Ryan Goldade has received the 2021 Alain Fournier Dissertation Award for his thesis titled “Efficient liquid animation: New discretizations for spatially adaptive liquid viscosity and reduced-model two-phase bubbles and inviscid liquids.”
This national award, conferred by the Canadian Human Computer Communication Society, recognizes an outstanding doctoral dissertation in computer graphics completed at a Canadian university. The annual award is named in honour of Alain Fournier, a researcher who promoted excellence in the theory and application of computer graphics.
Ryan will receive a plaque, an announcement as this year’s dissertation awardee in the Graphics Interface proceedings, and a prize of $1,000. He has also been invited to present his research at Graphics Interface 2022.
Ryan was a PhD student in the Cheriton School of Computer Science’s Computer Graphics Lab from 2014 to 2021, and advised by Professor Christopher Batty.
“I was lucky to have Ryan as the first PhD student to join my group at Waterloo,” Professor Batty said. “His commitment to excellence and infectious enthusiasm for research made him a pleasure to advise. The fact that his research was published in two papers at SIGGRAPH, the top academic computer graphics conference, and incorporated into SideFX’s award-winning visual effects software, Houdini, speaks to the quality and impact of his contributions. I am thrilled to see him receive this well-deserved recognition.”
Ryan is currently a research scientist at Meta Reality Labs in Zurich, working at the intersection of simulation, graphics, computer vision, and machine learning.
Adaptive Viscous Liquids, presented at SIGGRAPH 2019
Ryan’s doctoral research addressed several challenges in computer animation of fluids. He first explored simulating highly viscous liquids efficiently, a fundamental phenomenon that arises in many animation applications from simulating honey coiling and chocolate melting to paint dripping and lava flowing.
Ryan’s experience as a part-time 3D developer at SideFX Software revealed that the viscous liquid tools in Houdini were underused by animators because they were glacially slow. He accelerated them by adopting a natural approach — use of spatially adaptive octree grids. Because the interior of viscous liquids tends to be smooth, the domain can be discretized using large grid cells on the interior for efficiency and fine cells near the surface to capture intricate details.
The so-called T-junction structures occurring at resolution changes in octrees make deriving a computationally efficient and mathematically convergent formulation highly nontrivial. Ryan’s work showed that instead of using standard finite difference or finite element methods, expressing the partial differential equations for viscosity in an octree-based variational finite difference form leads to a simulator with a range of practical benefits, most importantly that the linear solve times are reduced by up to an order of magnitude.
Ryan’s method was shipped as a key new feature in Houdini v18.5. The underlying variational octree finite difference technique he introduced is highly generalizable, and could potentially be applied to enable efficient octree adaptivity for a wide range of solvers, including solid elasticity, granular flows, stream function solvers, Stokes flows, and more.

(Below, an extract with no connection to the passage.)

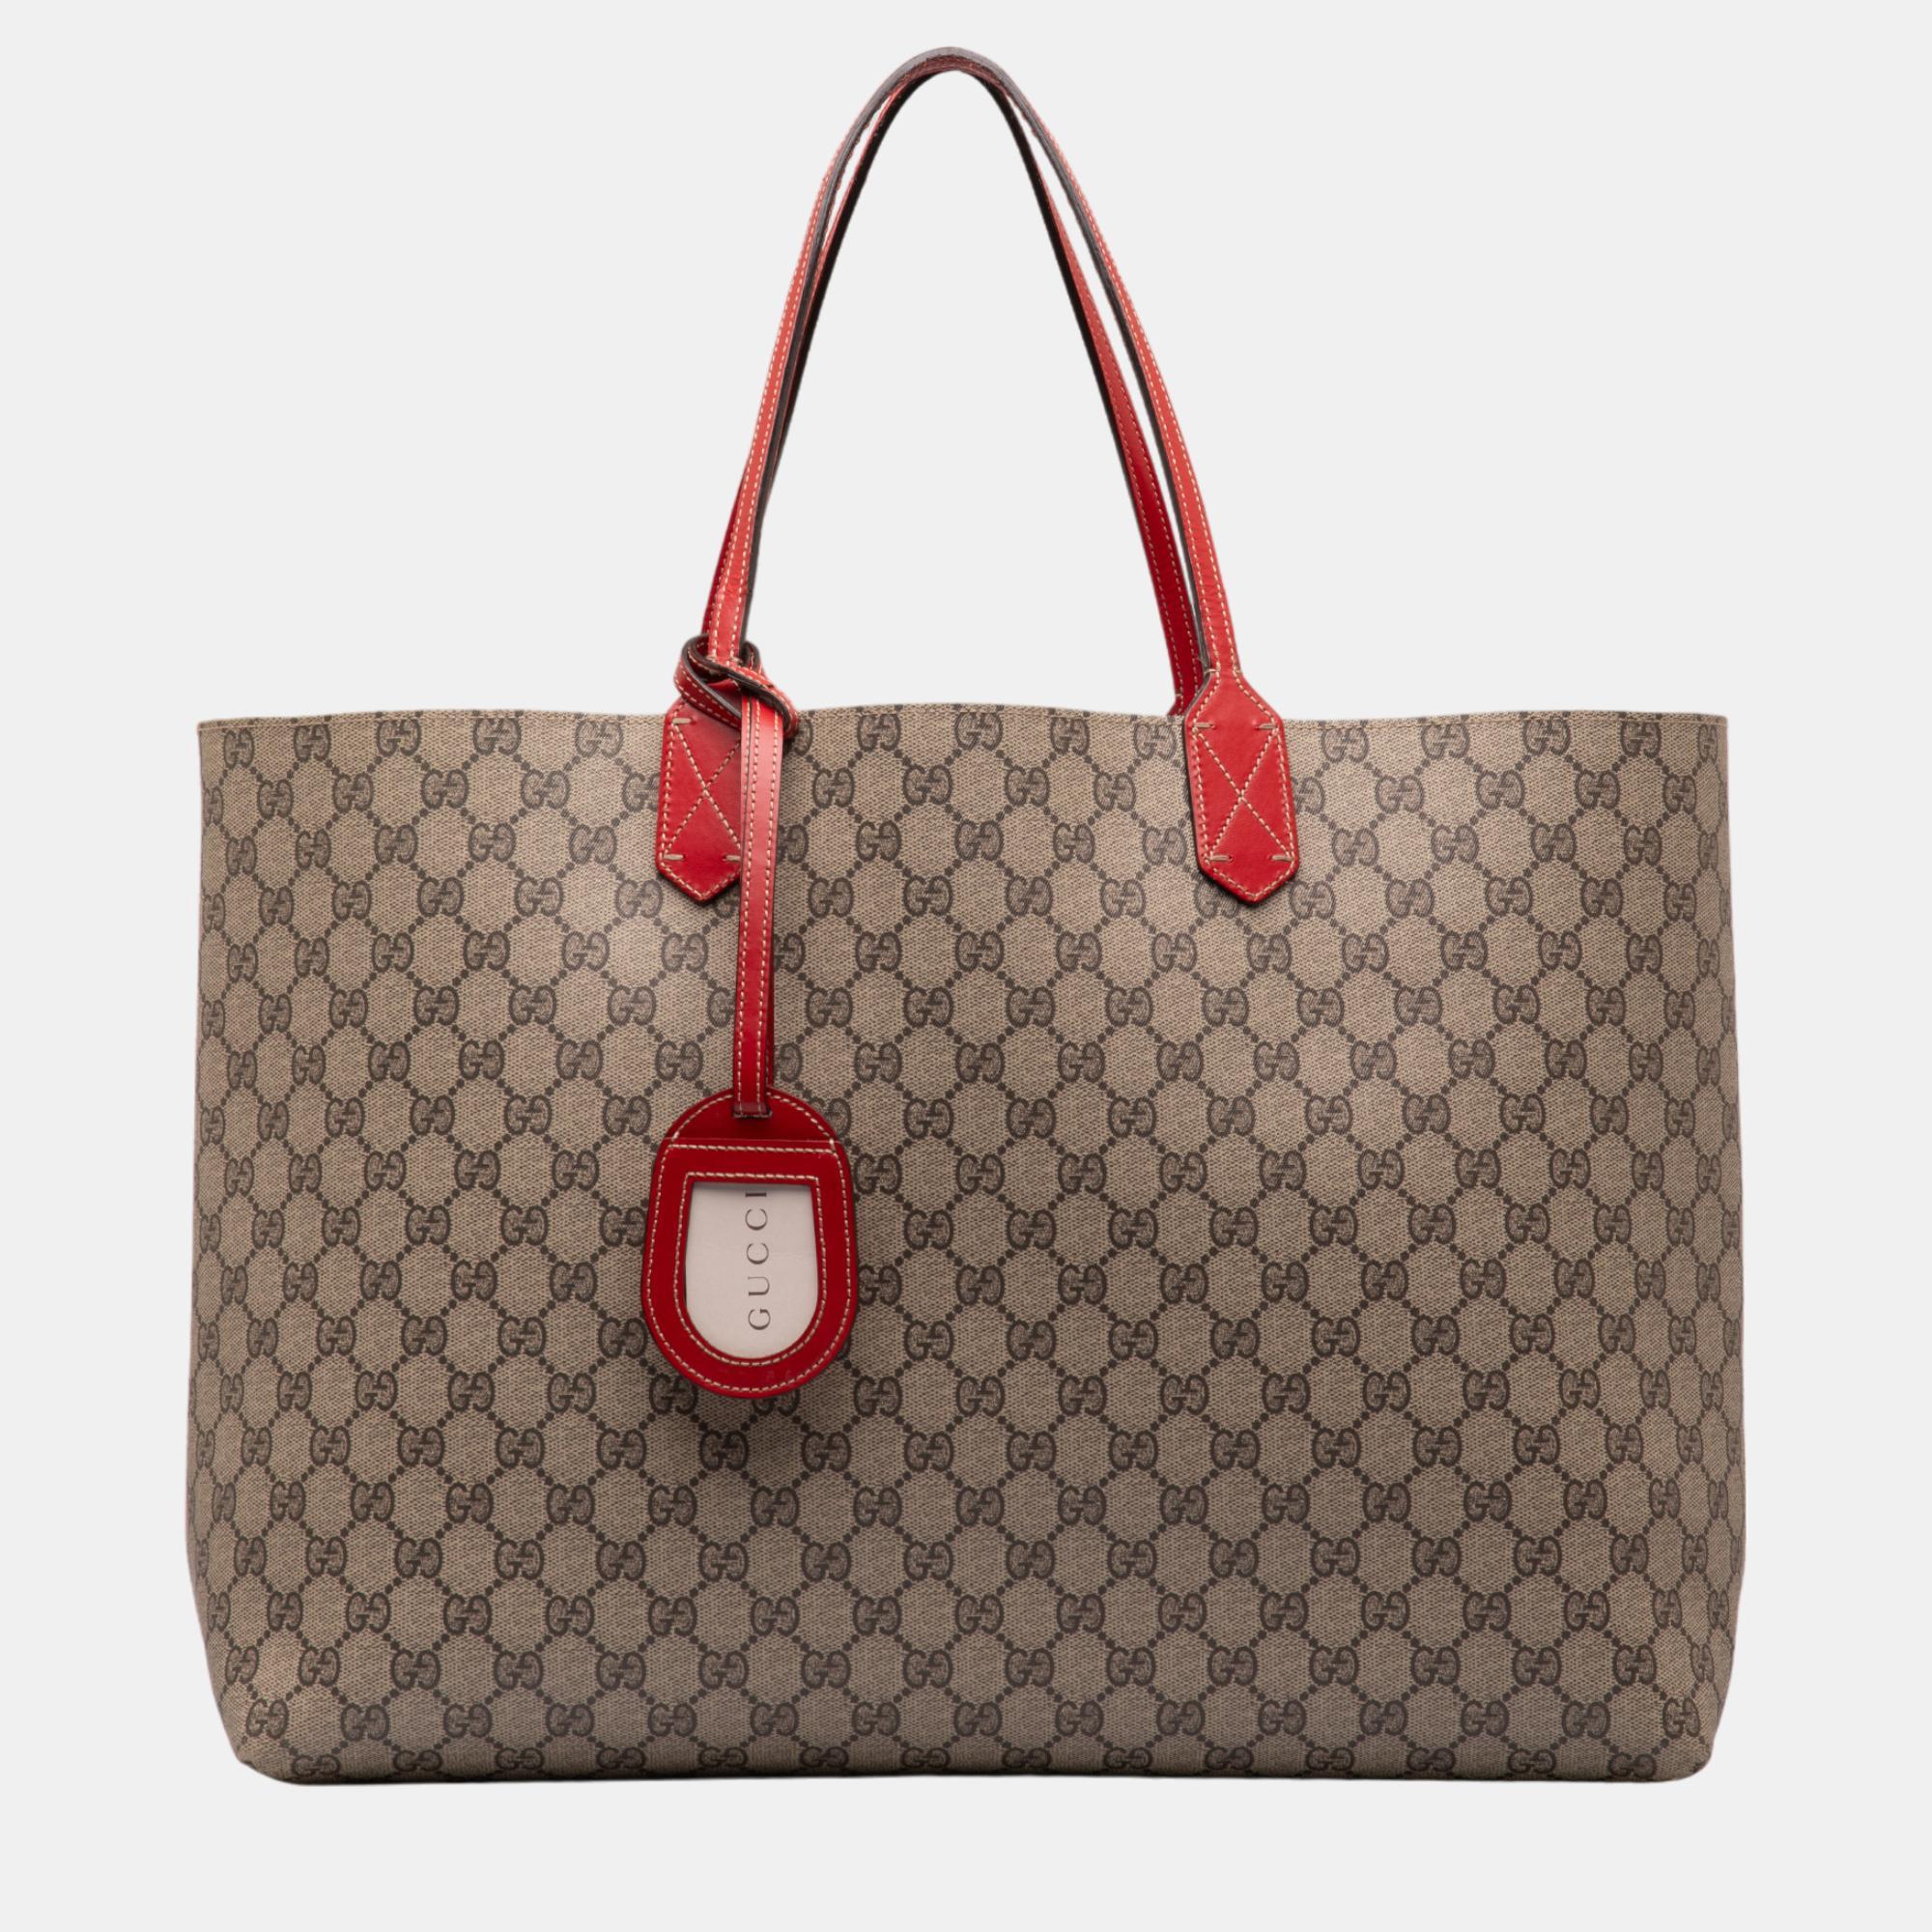 Gucci beige/brown large gg supreme reversible tote bag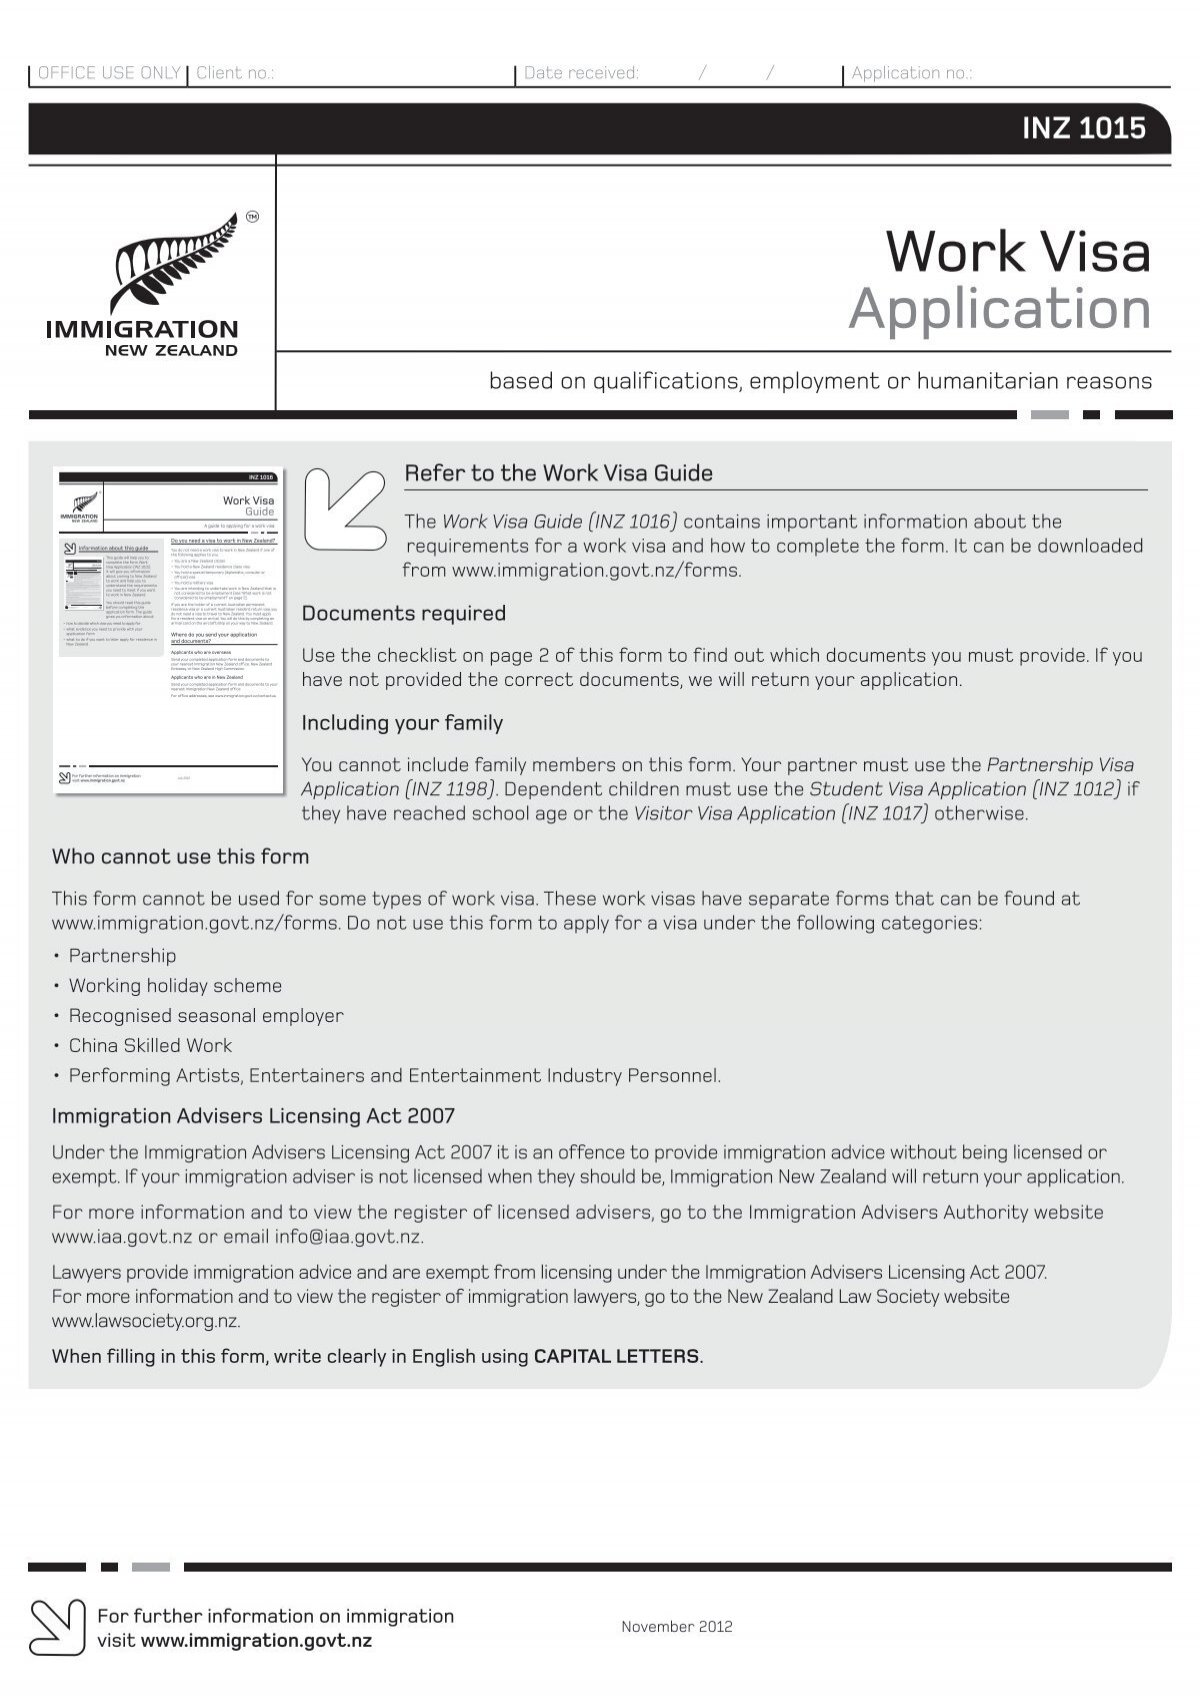 Visa Application 1015) New Zealand Immigration Service

Efficient Bubbles and Two-Phase Flows, presented at SIGGRAPH 2020
The second efficiency challenge Ryan tackled is that of air bubbles and two-phase flows. These effects are often even more prevalent than viscous liquids, as simply pouring a glass of water leads to many air bubbles being captured. The classic approach to such multiphase phenomena is to simulate both the liquid and air as individual fluids having different densities and interacting across the liquid surface.
Unfortunately, this approach can be extremely expensive because the air region is often large, and the 1000:1 density ratio of liquid to air leads to numerically ill-conditioned problems. Moreover, the air is not the material the animator ultimately renders and displays. Its effects are seen indirectly through the motion of the liquid.
In Ryan’s dissertation, the bubble effect is achieved efficiently by observing that the key visual feature of air bubbles is that they preserve their net volume. The key insight of Ryan’s work is that this property can instead be expressed as a constraint on the liquid surfaces enclosing each bubble, without ever explicitly solving for the air region. Doing so adds little overhead to a standard liquid simulator, meaning that artists can now add bubble effects to their scenes essentially for free. This feature shipped as “air incompressibility” in Houdini v16.5.